• Problem to solve: Print each line below verbatim, skipping every picture.

• Input data:

• • •

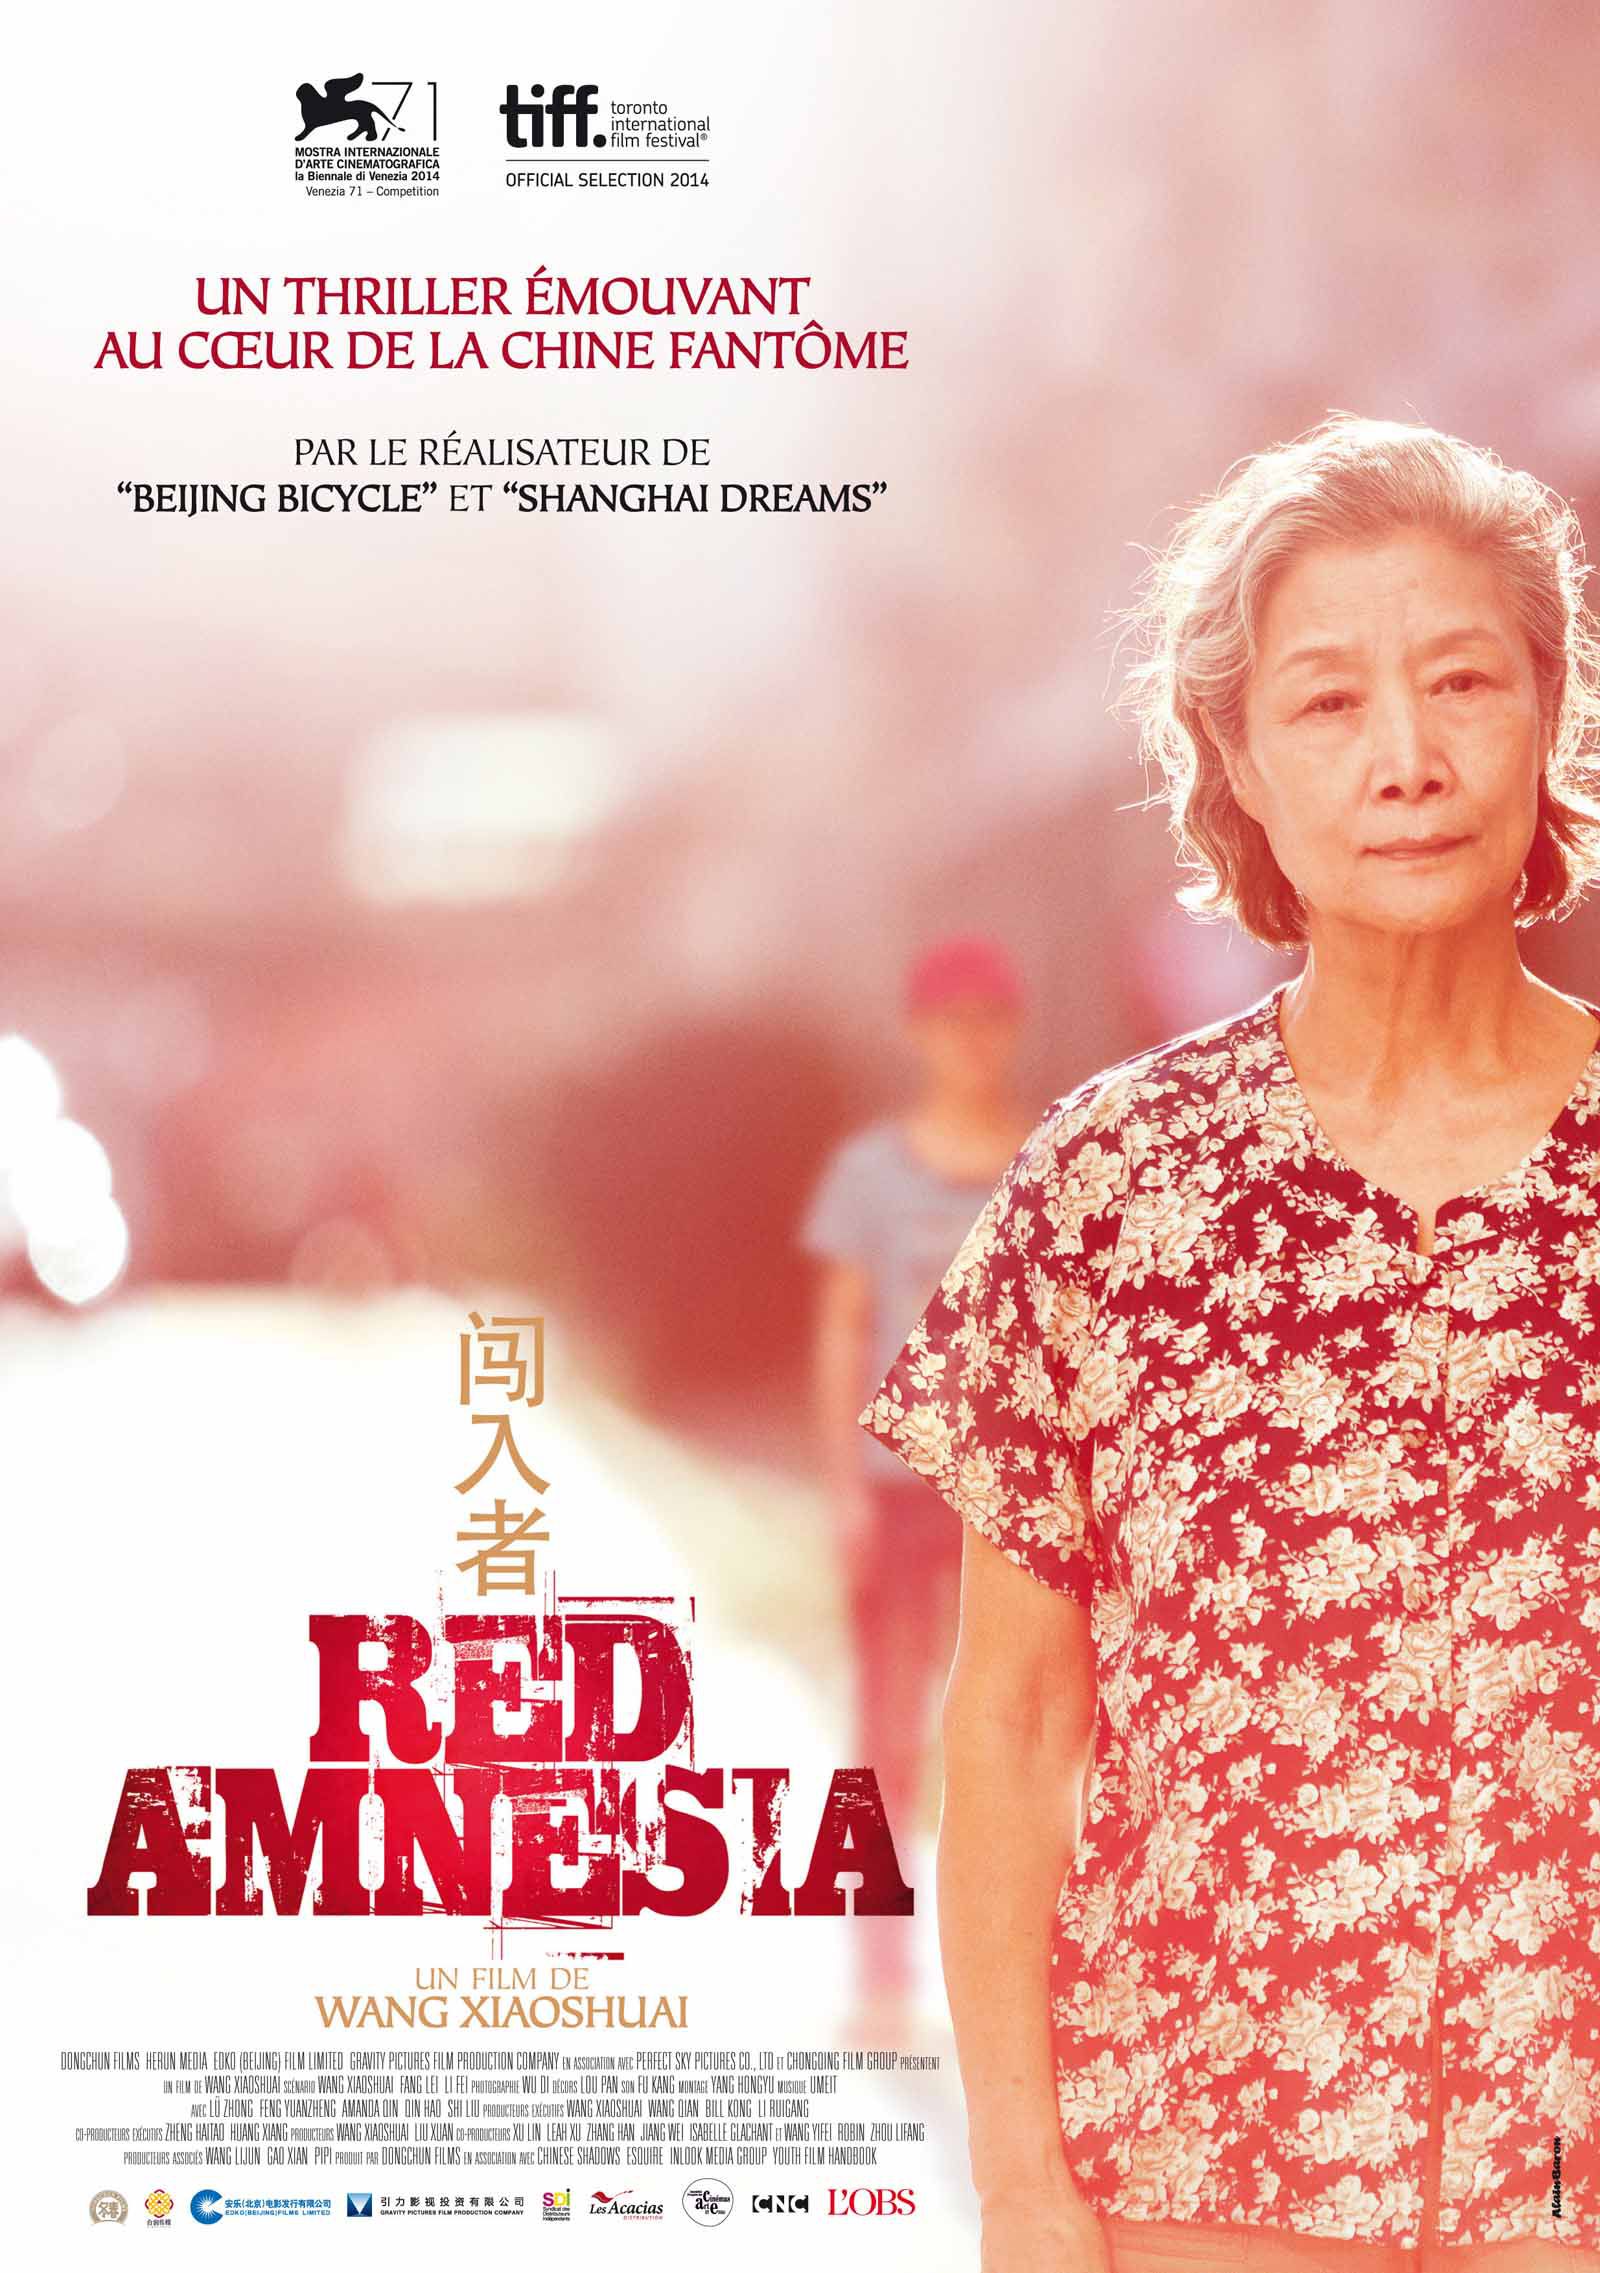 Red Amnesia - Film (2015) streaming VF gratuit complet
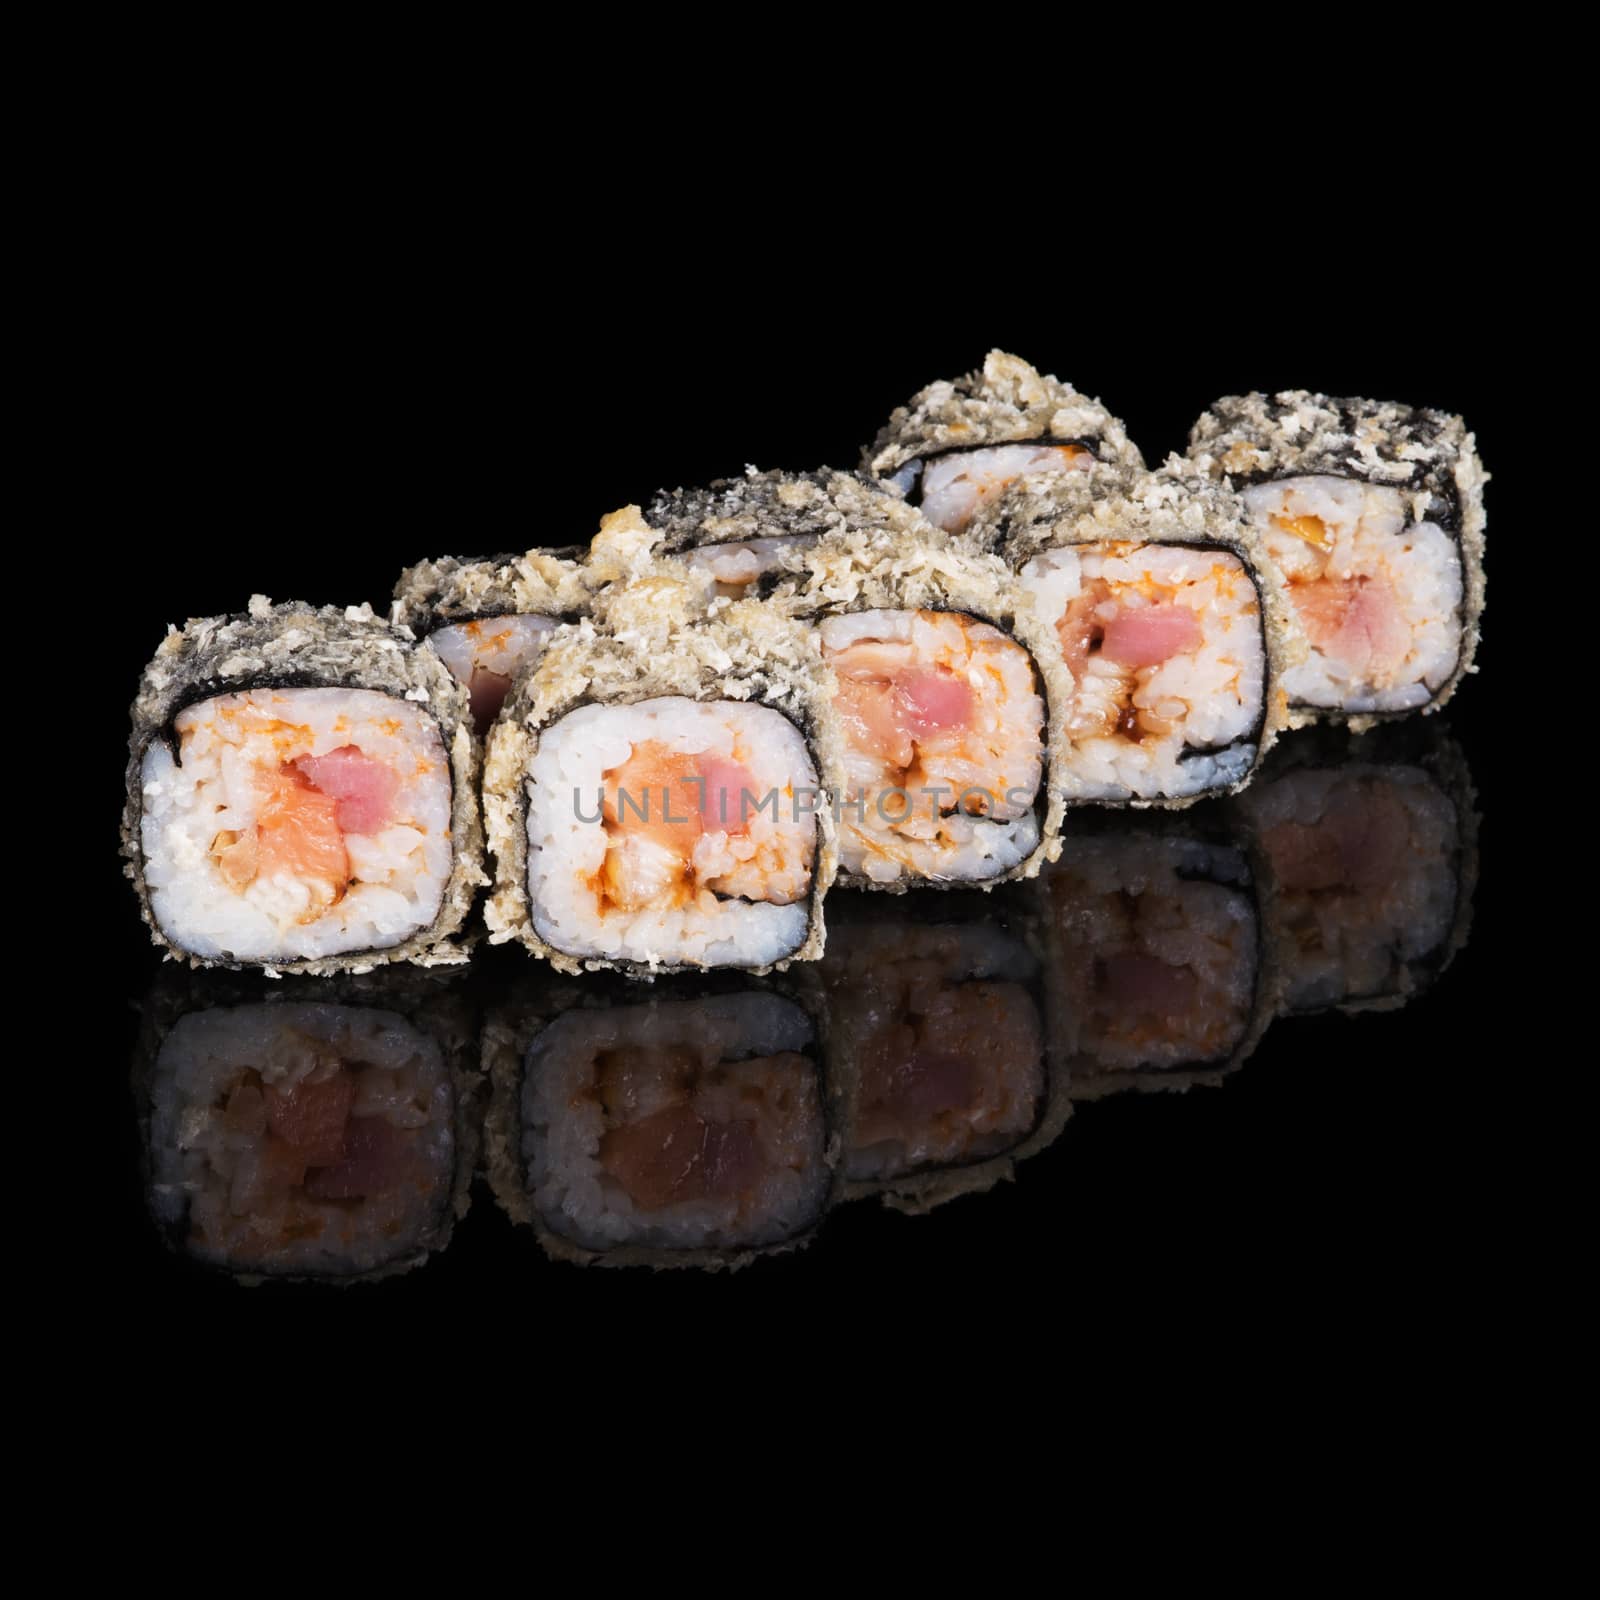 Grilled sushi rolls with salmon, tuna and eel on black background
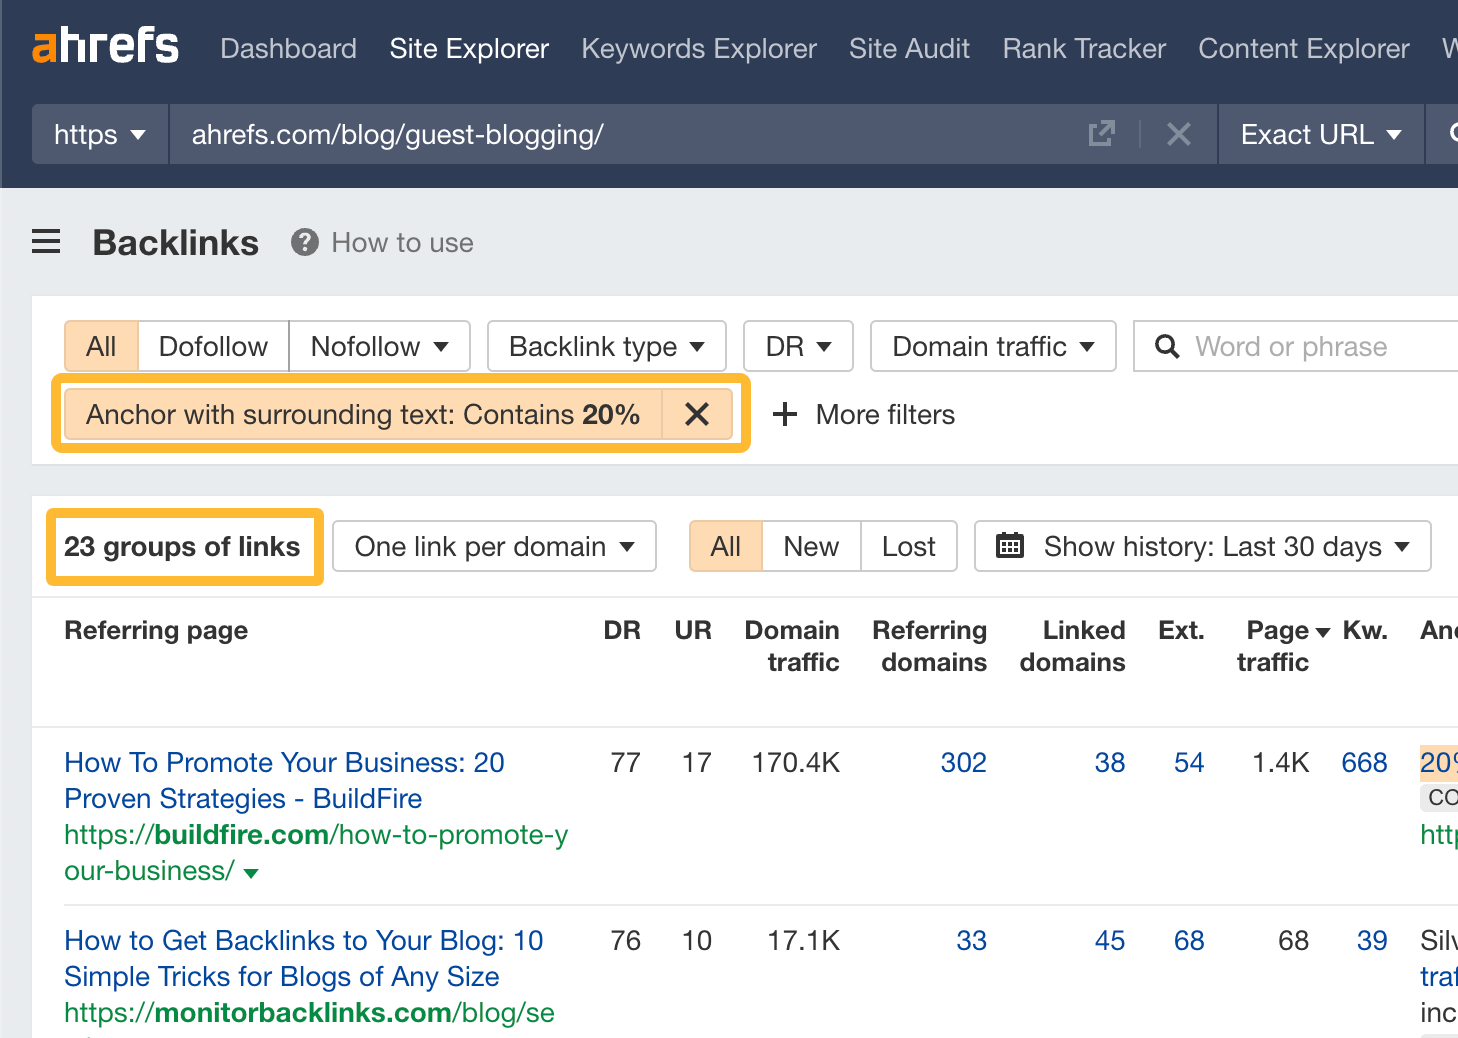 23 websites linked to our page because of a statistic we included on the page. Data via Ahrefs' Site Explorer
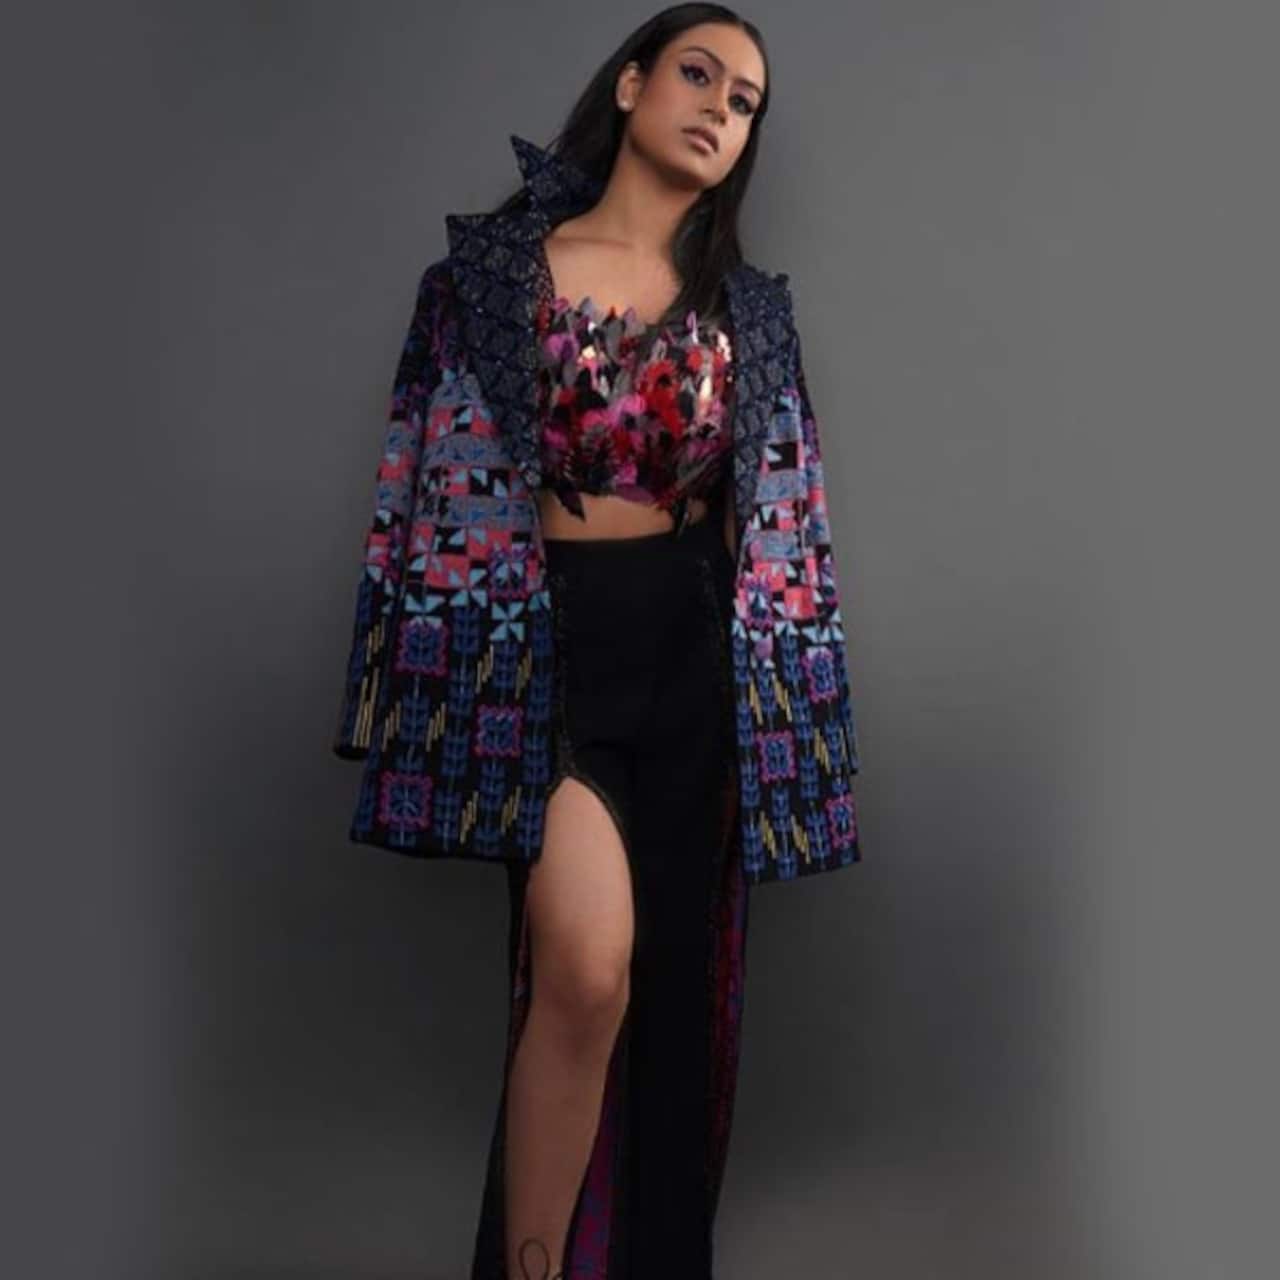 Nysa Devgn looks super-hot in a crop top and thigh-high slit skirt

• • •

• Solution:
 Red Amnesia - Film (2015) streaming VF gratuit complet
 Grilled sushi rolls with salmon, tuna and eel on black background
 23 websites linked to our page because of a statistic we included on the page. Data via Ahrefs' Site Explorer
 Nysa Devgn looks super-hot in a crop top and thigh-high slit skirt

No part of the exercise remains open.